应城话的夸张其极限直至死。高兴起来说“笑死了”;遇到麻烦说“呕死了”;听到冤枉话则曰“气死了”;摔了一跤,说差点“挞死了”;小孩淘气,父母说,莫把我“磨死了”;事有意外,惊呼“吓死了”;夫妻亲热,说“快活死了”;有老者生病,对前来探望的人谈笑风生,其间也忘不了逗逗自己,“我是住在茅屎隔壁离死(屎)不远了。”这种往“死”里夸张,把应城人的喜怒哀乐,把老百姓的大喜大悲,极致化地宣泄出来。其实,用“死”表达,既是语言的夸大,也是心理的扩张。有笑话说,两夫妻亲热,媳妇说,“快活死了”,婆婆听到了,十分生气,对公公说,“把老子呕死了”,老头子胳膊一扬喊早起做饭的女儿,“上午少打两斤米,死了两个人呢!”这是传统应城人难得的谐虐和放纵。往“死”里夸张,有时甚至咬牙切齿。恨某人,说:“老子整死你”“劈死你”“捶死你”“死也不答应你”;恨么事,说:“老子搞死了也要把你搞团圆”;恨某物,说:“跟老子死开去”。朋友之间,爱得深时,甚至边拥抱边诅咒,“你这个死狗日的,怎么还不死啊?”。用“死”来发泄,也是应城传统话中的常见火花,某人耍赖有人则会鄙薄,“小媳妇吊颈拿死吓人”;批评某人的缺点错误,则常有“死猪”“死狗”的咒怨,还有“死猪不怕开水烫”“鸭子死了嘴壳子硬”“死蛤蟆说出尿来”等等。把一些常见的错误与极刑连在一起尽管有些残酷,但是听话的人可以连喷嚏都不打,满腹坦然。


平民百姓的俏皮话


平民百姓谓俏皮话为“咽气话”。一段时间,歇后语盛行,“屁股头挂炸弹想(响)不得”,十分俏皮,想来让人忍俊不禁。其实,应城也有本土歇后语,不过“外甥打灯笼照旧(舅)”之类,但传统的应城俏皮话不属此类,而是一些即兴的创作,大多为一些反语。母亲让孩子去读书,父亲讥讽“读瞌许”;叫帮忙做点什么事,对曰“做茅厕”;欲吃鸡,无,答“吃筲箕”;问“麻友”:“听头了吗?”“听榔头”;祝某发财,知不可,答“发棺材”;求天下雨,预计无望,会有人接话:“下木鱼”;愿某事成功,不以为然,对曰“成鸡公”。“咽气话”实为“丧气话”,是一种于幽默和无奈之间的调侃。甚至有些大不敬。一农户家穷困潦倒,客人进门即套近乎,“烧火了吗?”主答:“烧薄荷”。

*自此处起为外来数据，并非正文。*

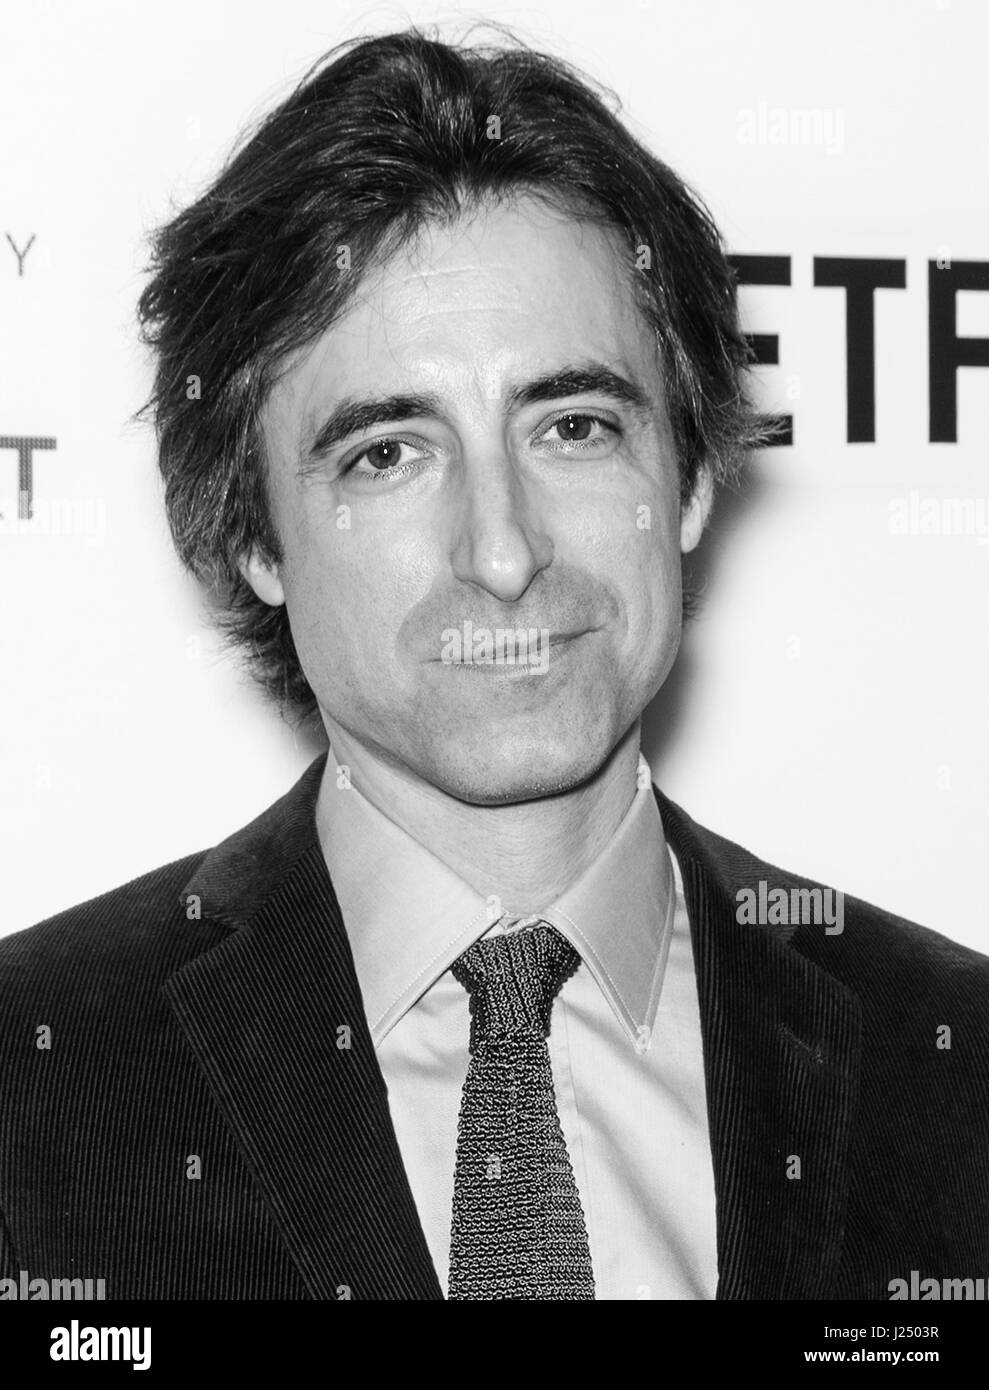 NEW YORK, NY - APRIL 24, 2017: Noah Baumbach attends Tribeca Talks Director's Series with Noah Baumbach during the 2017 Tribeca Film Festival at BMCC  Stock Photo
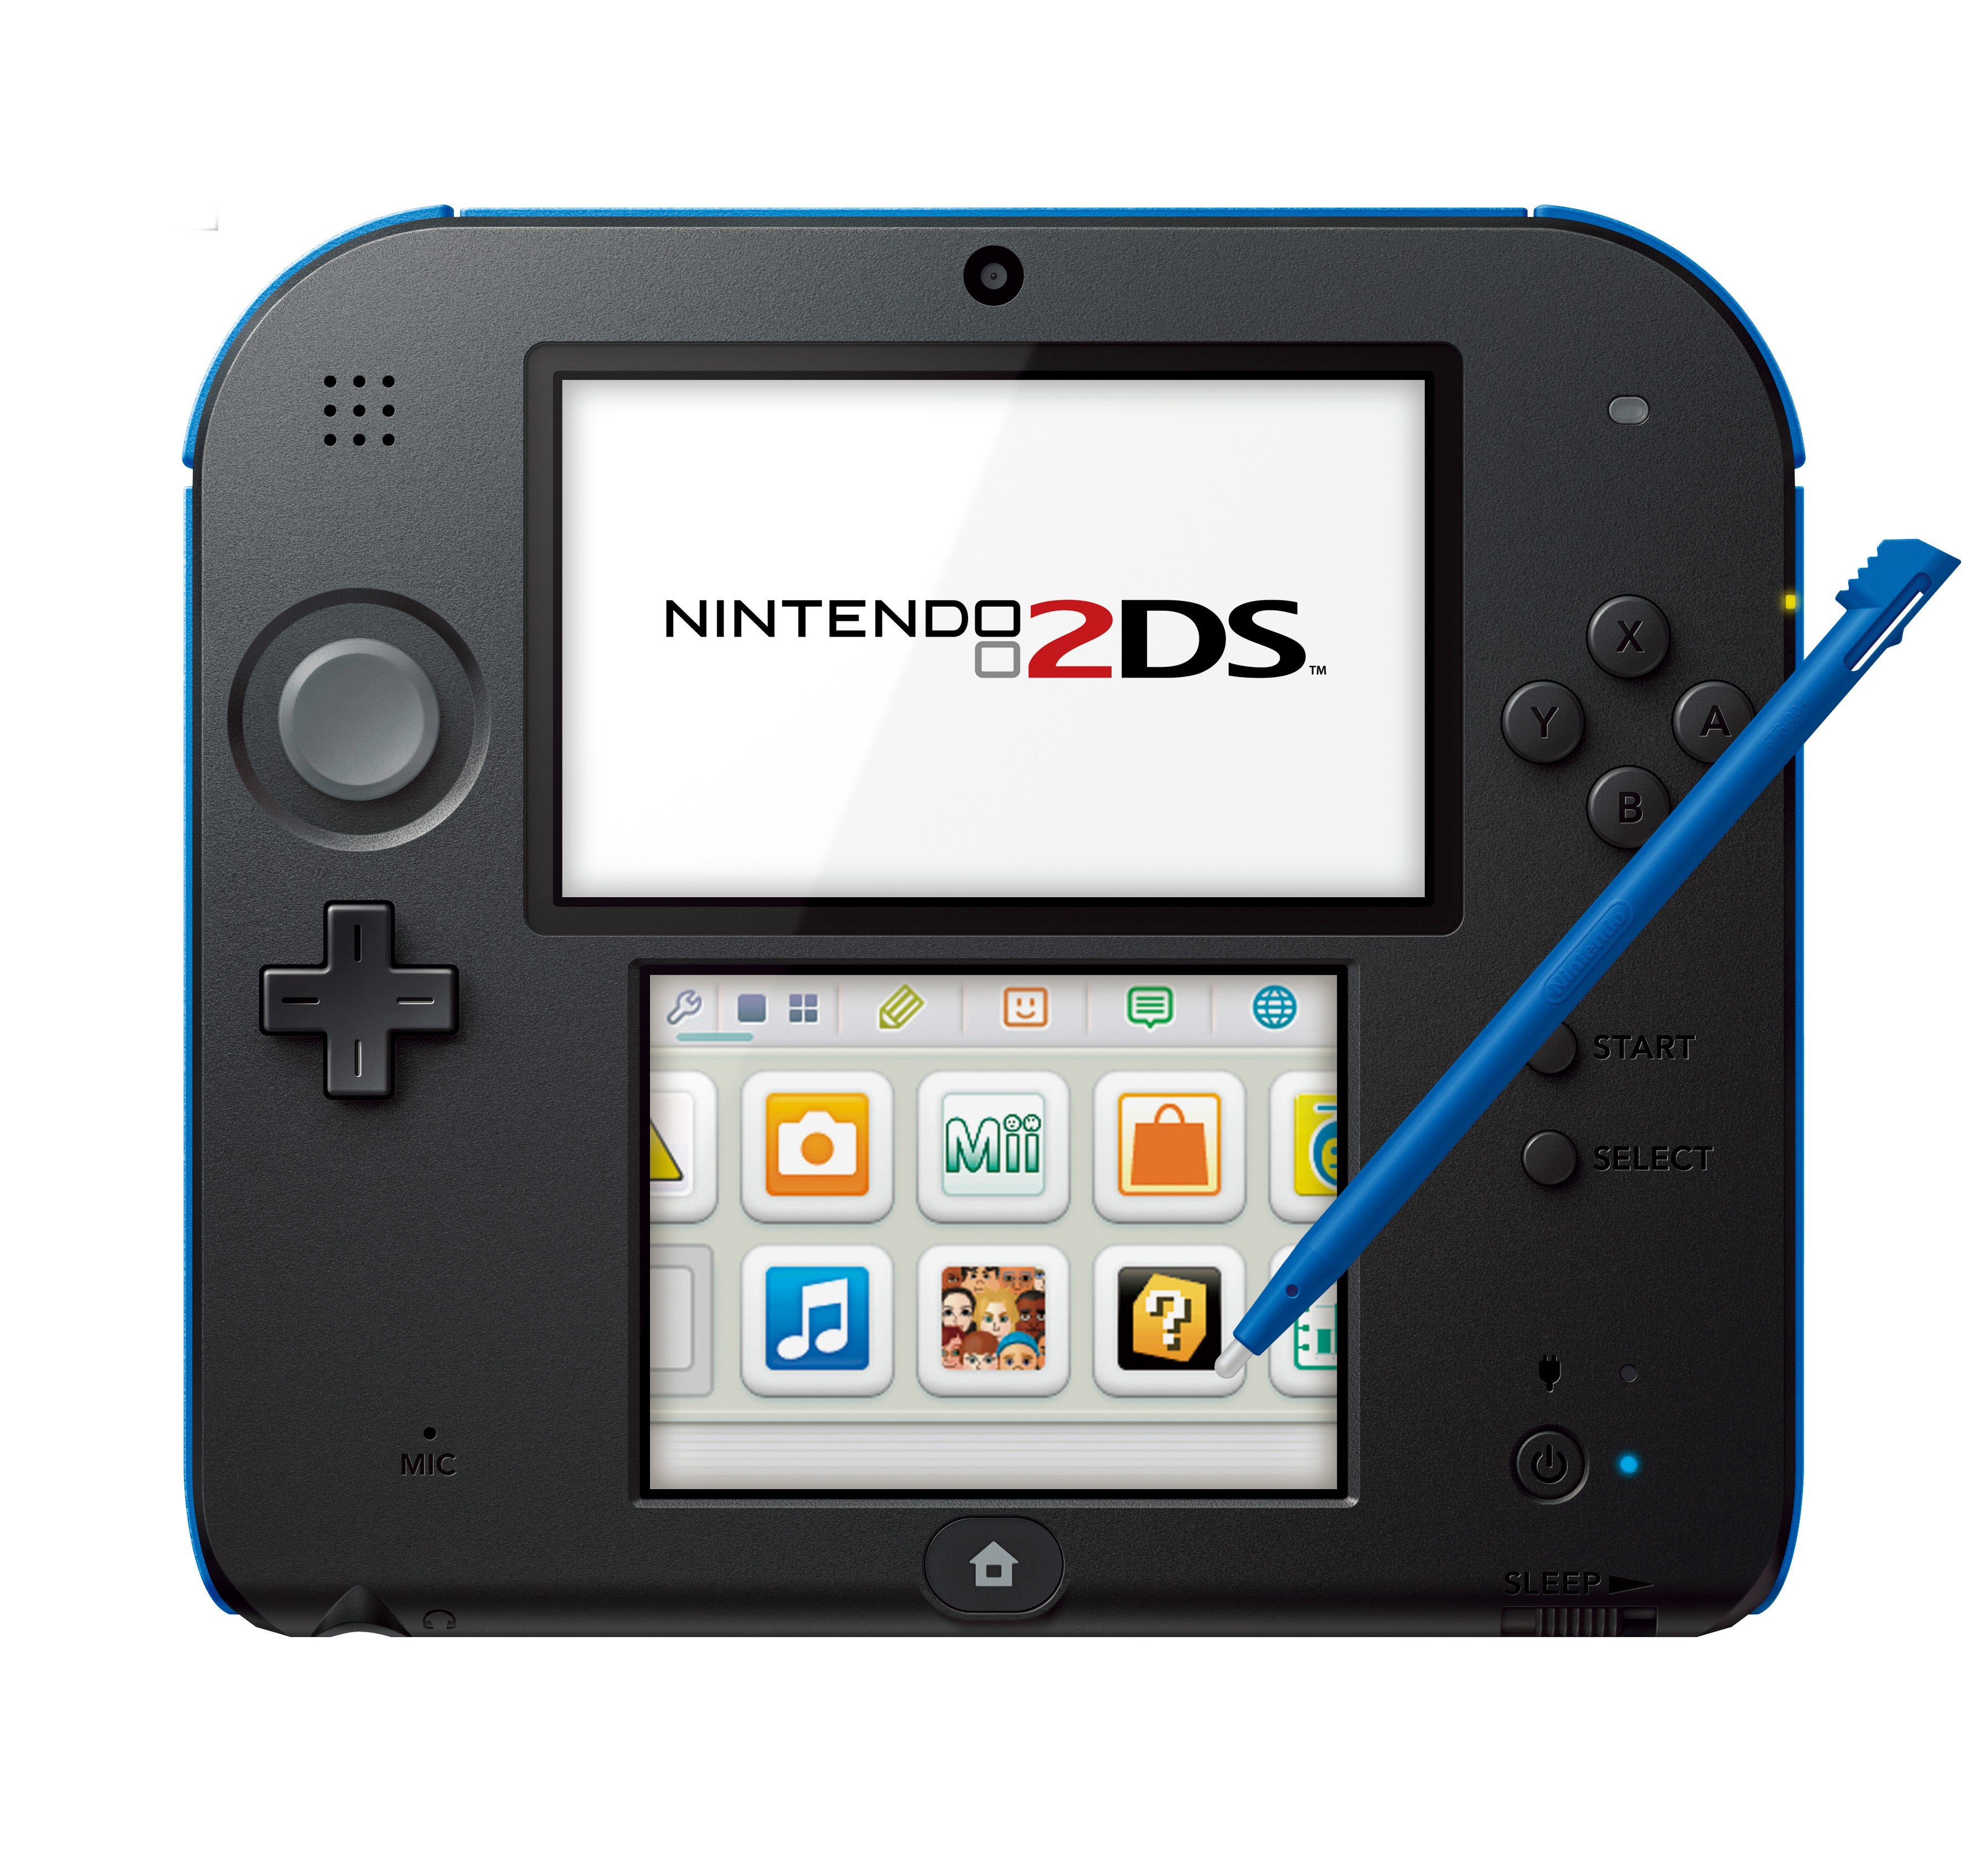 Image for Attention Target shoppers: Nintendo 2DS is on sale for 24% off

应城话中有许多颇得要领却又难以见诸文字的动词,某一个此类动词甚至可以通跑数家而又家家和谐。“嘎”(第四声),即可用作“用”“放”“搞”“说”等。“用什么打人”,即“嘎什么打人”;某物“放在哪里”,即某物“嘎在哪里”;问“你搞么事”,即“你嘎么事”;“瞎说”即“瞎嘎”。有些动作用标准汉语表述时略嫌费劲,可是传统应城话仅一字即可表述得入木三分。比如木匠装配榫头,应城话叫“告榫头”,“告锄头”。某些物件动不得,某病人不能折腾,某宠物或幼畜不能戏耍可以通用一句“盘不得”代替。一个“攘”字,活泛得可以上天入地。“做饭”:“攘饭”;“帮你搞”:“帮你攘”;“整人”:“攘人”;“够不上”:“攘不倒”;“打个结头”:“攘个结”。还有一些不经翻译,外地人绝对听不懂的动词,比如:把盖子盖上,叫“康(第三声)倒”;踹子一脚,叫“款(第四声)一脚”;不着边际地说话,叫“款”;把污渍擦掉,叫“支掉”;蒙在被子里面,叫“翁在被窝里”;提醒某人别开玩笑,叫“莫梅”;快一点,叫“绞几一点”。如果留心体味,还有不少此类动词,因其活泛倒也管用。如果把这些传统的动词组成一段话,倒是很有特色:“把酒瓶子九开,嘎到那里,把那把拆椅子告好,我企攘几个菜来,对拱几杯,再企翁圆窝好好睡一告,明朝事多,有猴搞的”。



不怕人家笑“就了”


“就了”算是应城的“话粹”,某事做完了说“就了”,打断别人的话也说“就了”,不可挽回说“就了”,乃至人死也说“就了”。“就”“就了”是应城话中的“市标”,走到天涯海角,一个“就”就可识此翁乃应城人也。其实“就”“就了”是很规范的汉语。《辞海》在“就”的条目中诠释曰:“就,成。”《史记·礼书》日“就”,绪,“招致儒术之士,令其定仪,十余年不就”。《诗·大雅·常武》日“就”;“不留不处,三事就绪”。可见“就”“就了”绝对可以登大雅之堂。再者,不管外地人如何笑话“就”字,应城人讲“就”“就了”只要吐词清晰,他们笑归笑,也全然听得懂。其中如有学人,定会欣赏这个“就”字来得简洁明快,表述准确。“就”“就了”翻译成外文,也是很便当的,外国人也听得懂。唯其如此,在大多数传统的应城话失传之后,“就”的生命力依然旺盛。不过,有时候,“就”字用得不当,也会造成一些误会,比如乡邻与外地人谈生意,谈着谈着,心里有底,满意地说,“就了,你说了就‘就了””。外地人往往摸不着头脑,搞不清楚是“成”还是无意谈下去。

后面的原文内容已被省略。